Article
0 comment

NPM 6.0 and SharePoint Framework – Security Reporting

In case you recently upgrade NPM to Version 6.0 and created a new SharePoint Project through the Yeoman generator. There is a chance that you recognised the following new notification at the end of the NPM installation process.

Security Report after SPFx installation

Security Report after SPFx installation

What there are five vulnerabilities, one with severity low and four with severity high and I can run ‘npm audit’ to get a detailed report?

Don’t start to scream “fire” and run in panic through your office, uninstall all your SPFx projects from all your tenants, clean up your CDN, keep calm and learn the reason why this gets now reported after the installation.

1 – Open Source – A house built on trust

With an open source project, you have to trust or research that none of your packages contains malicious code. You used jQuery in the past, and this is a trustful source? Yes in general it is but there multiple reports where jQuery got replaced with malicious code. In September 2014 the website of jQuery was compromised and served malware.

It doesn’t have always been that extreme. In some cases, bugs in the libraries can put your server in danger.
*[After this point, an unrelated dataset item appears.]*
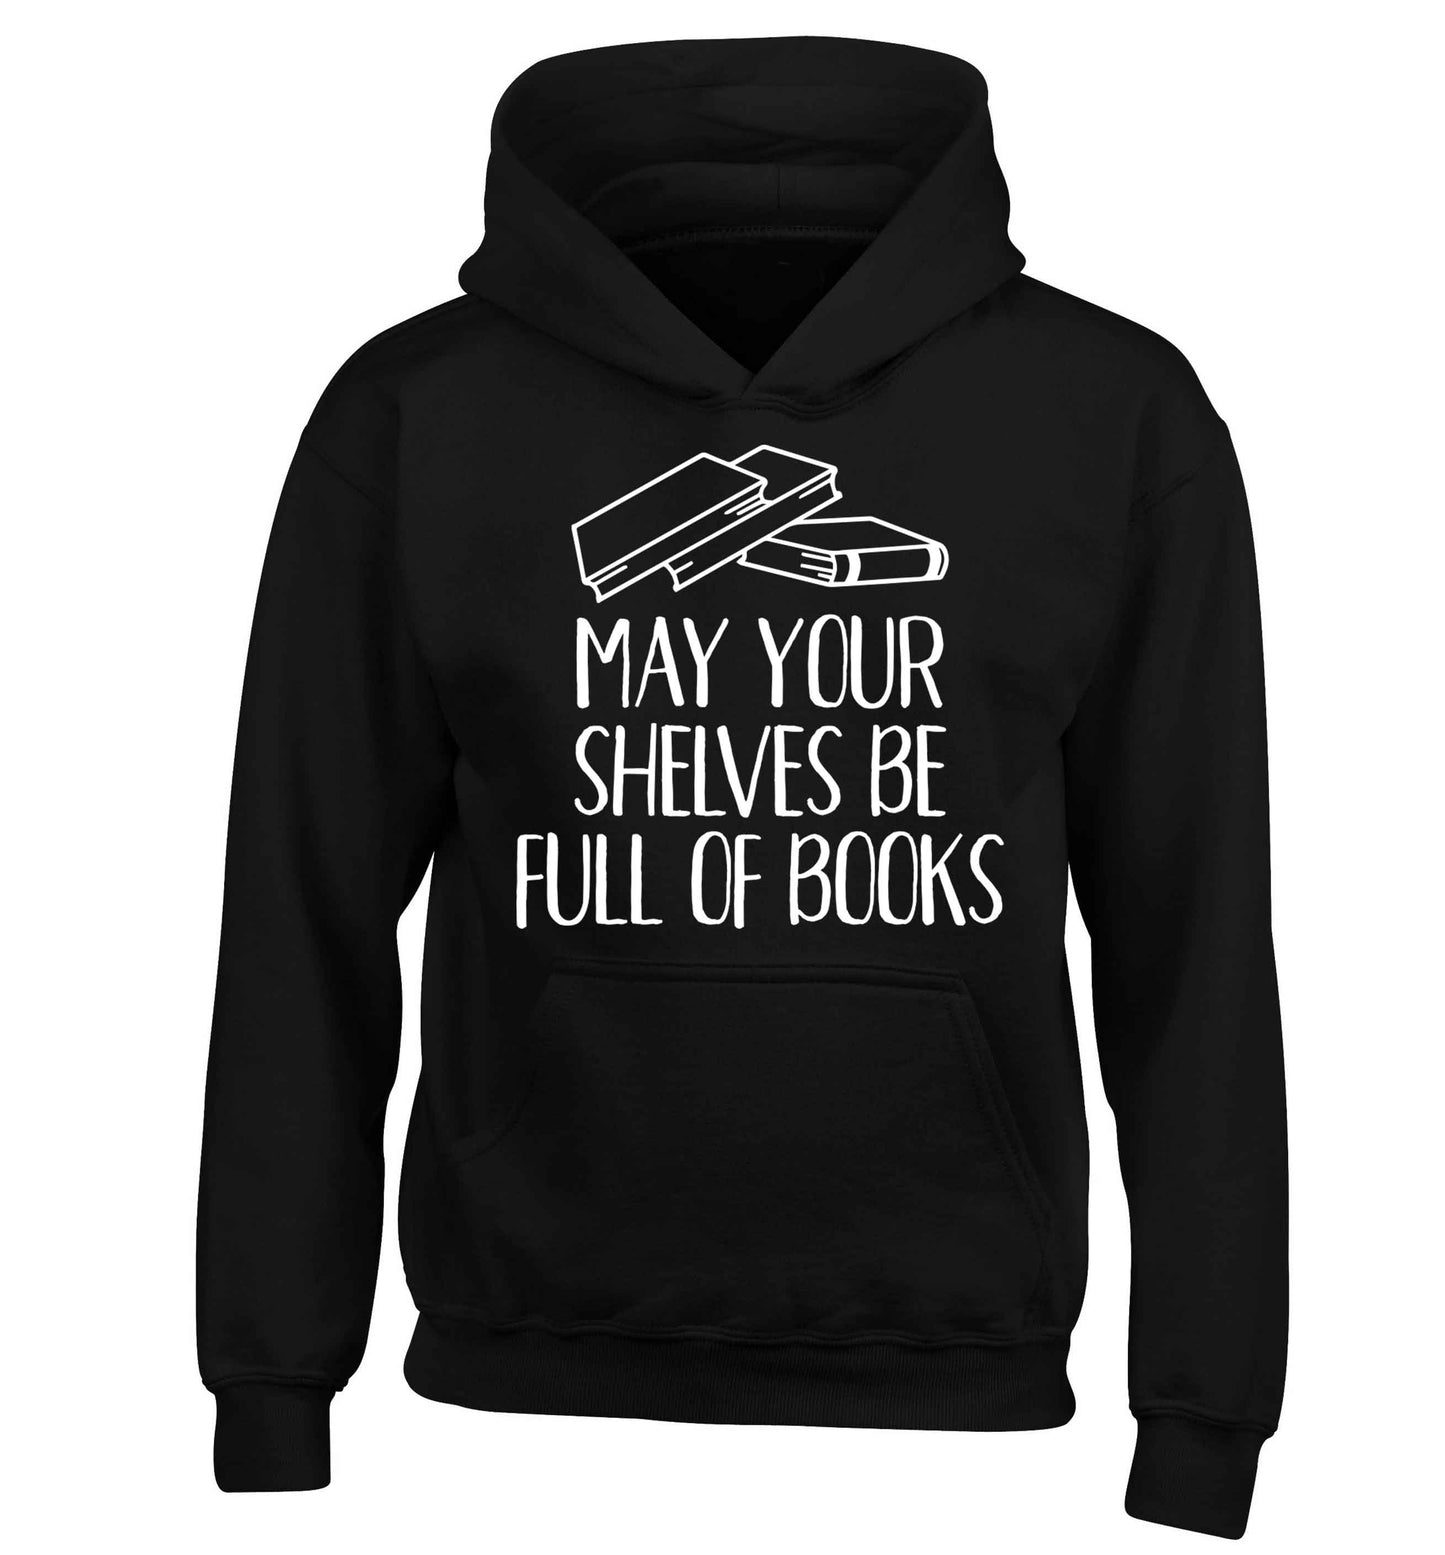 May your shelves be full of books children's black hoodie 12-13 Years

Bugs you are not even aware of and hard to spot either.

Especially with NPM, you have to trust that the package is well written or performance a costly detailed security analysis. An analysis you have to do again when a new version gets released. To some extent you have to trust it won’t harm your final product.

2 – NPM Security Issue

Yes, there is no doubt about that some scripts available on NPM are potentially insecure or contain bugs that can cause security issues in your application.

Waldek Mastykarz has an excellent article on his blog concerning external scripts in general. “What external scripts is your SharePoint Framework solution using?“.

On Medium there is another article that I highly recommend you to read. This article is named “The Node.JS Ecosystem is Chaotic and Insecure“.

Like Waldek’s post, this article describes that you should use NodeJS and NPM responsible and not install any ‘is-odd‘ package just because you read somewhere in a forum that this solves all your problems.

To make sure to become more secure the people behind NPM started to implement better security in future. The security scanner is the first step in the process and should raise awareness for potential security issues. You cannot avoid this scanner because now it gets automatically launched whenever you install a new NPM package.

Security report after jQuery installation

In the screenshot, I installed jQuery to test this behaviour. The result is that we still have five potential security issues. This installation has not increased the overall issue count.

3 – What does it mean for SPFx

The command ‘npm audit’ appeared first in NPM version 5.10 and performed a security analysis. The result is a detailed analysis of possible issues solutions how to make your application more secure.

In case of SPFx, the reported issues are ‘gulp’ related, and the only solution would be to upgrade to a newer version.

The problem, you cannot upgrade to a newer version because there are significant changes that might break your development environment and your projects. You might be unable to open workbench or embed your web parts in Office 365.

Full npm audit report

Over time I’m pretty sure Microsoft will update ‘gulp’ to a newer version, which doesn’t mean that other possible security issues rise again, but at least those potentials are secured.

The Gulp issues are all related to the build pipeline and not to the final package you get and install on Office 365 this means that you are only insecure when you run gulp locally.

You can use Gulp to run a fully operational server installed on the internet your application that might be at risk, but in case of local development, the risk can be neglected and only affects you maybe, potentially maybe, when you develop a solution.

The majority of the SharePoint Framework is written and owned by Microsoft. The reduced all the surrounding packages as much as possible to provide a robust framework and development environment. One reason why only five issues get reported.

Personally, I try to reduce the number of NPM packages myself on my NodeJS projects as much as possible. In case of my SimpleStyle Guide, the result looks more catastrophic.

SimpleStyle NPM Audit report

Again this issues only arise when the style guide application is running and not when the output of HTML, JavaScript and CSS gets loaded from a static website.

4 – Use NPM Audit – it is a chance

Keep an eye on the ‘npm audit’ and check your source code regularly. Especially when you install a fancy UI library that creates lovely responsive sliders for example. They might contain unwanted security issues.

It is only a first small step to make NPM more secure, but it is an important one because it raises the awareness of potential issues.

The next step to make NPM more secure is to sign packages to prevent man-in-the-middle attacks. Such mechanism should make sure that the package you downloaded is the package you wanted.